Home

Awesome

MobileNet-SSD

A caffe implementation of MobileNet-SSD detection network, with pretrained weights on VOC0712 and mAP=0.727.

NetworkmAPDownloadDownload
MobileNet-SSD72.7traindeploy

Run

  1. Download SSD source code and compile (follow the SSD README).
  2. Download the pretrained deploy weights from the link above.
  3. Put all the files in SSD_HOME/examples/
  4. Run demo.py to show the detection result.
  5. You can run merge_bn.py to generate a no bn model, it will be much faster.

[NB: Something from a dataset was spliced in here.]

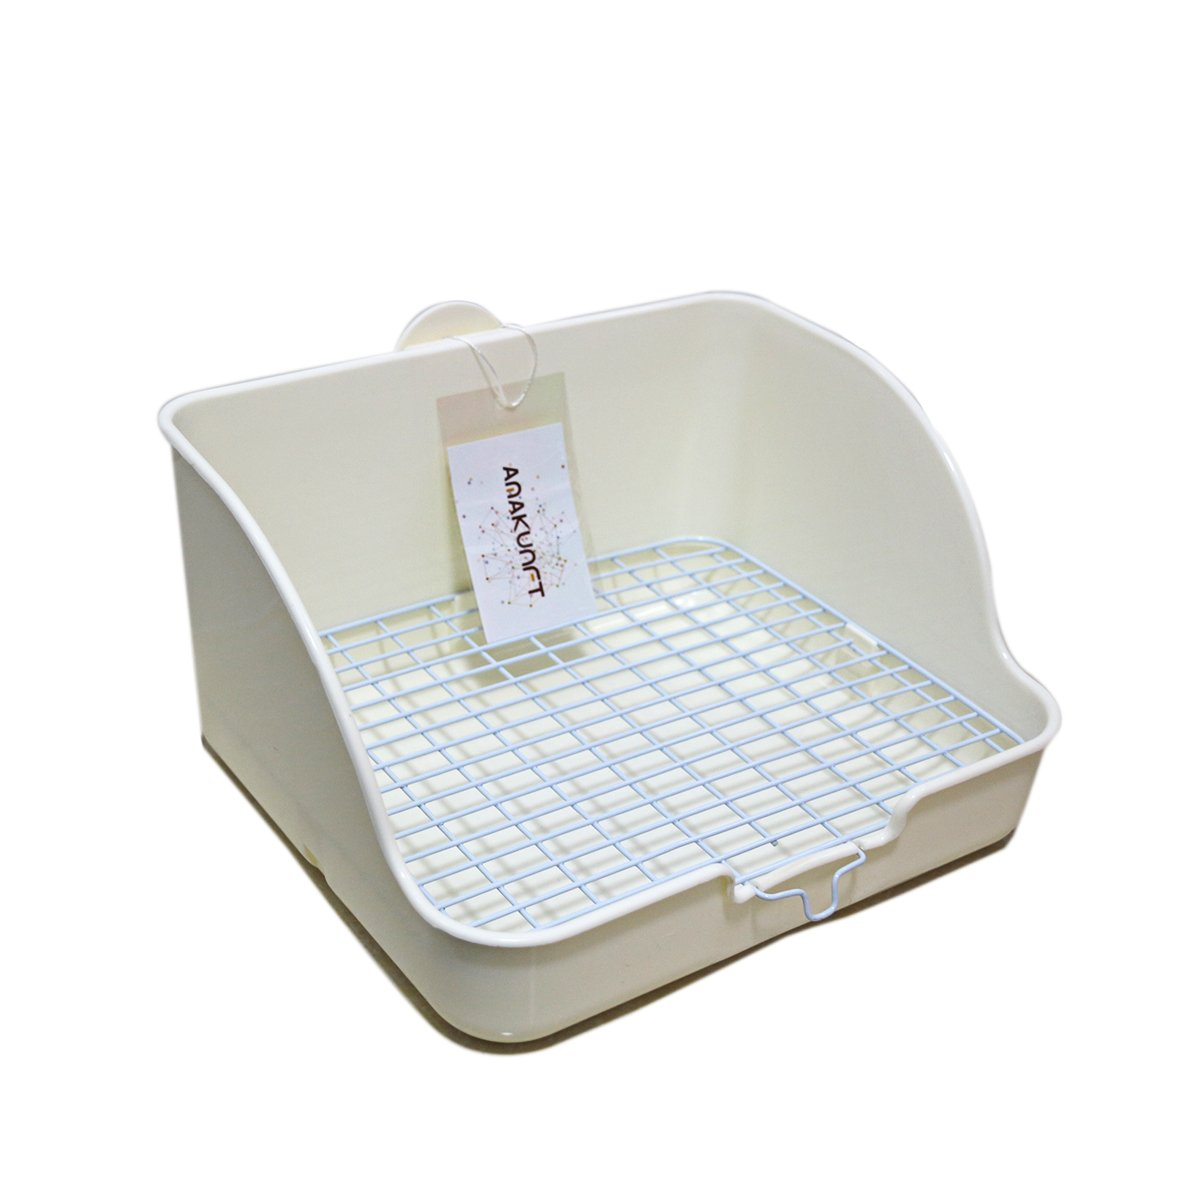 HongYH Pet Small Rat Toilet, Square Potty Trainer Corner Litter Bedding Box Pet Pan for Small Animal/rabbit/guinea Pig/galesaur/ferret(Grey) by HongYH (Image #2)

Create LMDB for your own dataset

  1. Place the Images directory and Labels directory into same directory. (Each image in Images folder should have a unique label file in Labels folder with same name)
  2. cd create_lmdb/code
  3. Modify the labelmap.prototxt file according to your classes.
  4. Modify the paths and directories in create_list.sh and create_data.sh as specified in same file in comments.
  5. run bash create_list.sh, which will create trainval.txt, test.txt and test_name_size.txt
  6. run bash create_data.sh, which will generate the LMDB in Dataset directory.
  7. Delete trainval.txt, test.txt, test_name_size.txt before creation of next LMDB.

Train your own dataset

  1. Convert your own dataset to lmdb database (follow the SSD README), and create symlinks to current directory.
ln -s PATH_TO_YOUR_TRAIN_LMDB trainval_lmdb
ln -s PATH_TO_YOUR_TEST_LMDB test_lmdb
  1. Create the labelmap.prototxt file and put it into current directory.
  2. Use gen_model.sh to generate your own training prototxt.
  3. Download the training weights from the link above, and run train.sh, after about 30000 iterations, the loss should be 1.5 - 2.5.
  4. Run test.sh to evaluate the result.
  5. Run merge_bn.py to generate your own no-bn caffemodel if necessary.
python merge_bn.py --model example/MobileNetSSD_deploy.prototxt --weights snapshot/mobilenet_iter_xxxxxx.caffemodel

About some details

There are 2 primary differences between this model and MobileNet-SSD on tensorflow:

  1. ReLU6 layer is replaced by ReLU.
  2. For the conv11_mbox_prior layer, the anchors are [(0.2, 1.0), (0.2, 2.0), (0.2, 0.5)] vs tensorflow's [(0.1, 1.0), (0.2, 2.0), (0.2, 0.5)].

Reproduce the result

I trained this model from a MobileNet classifier(caffemodel and prototxt) converted from tensorflow. I first trained the model on MS-COCO and then fine-tuned on VOC0712. Without MS-COCO pretraining, it can only get mAP=0.68.

Mobile Platform

You can run it on Android with my another project rscnn.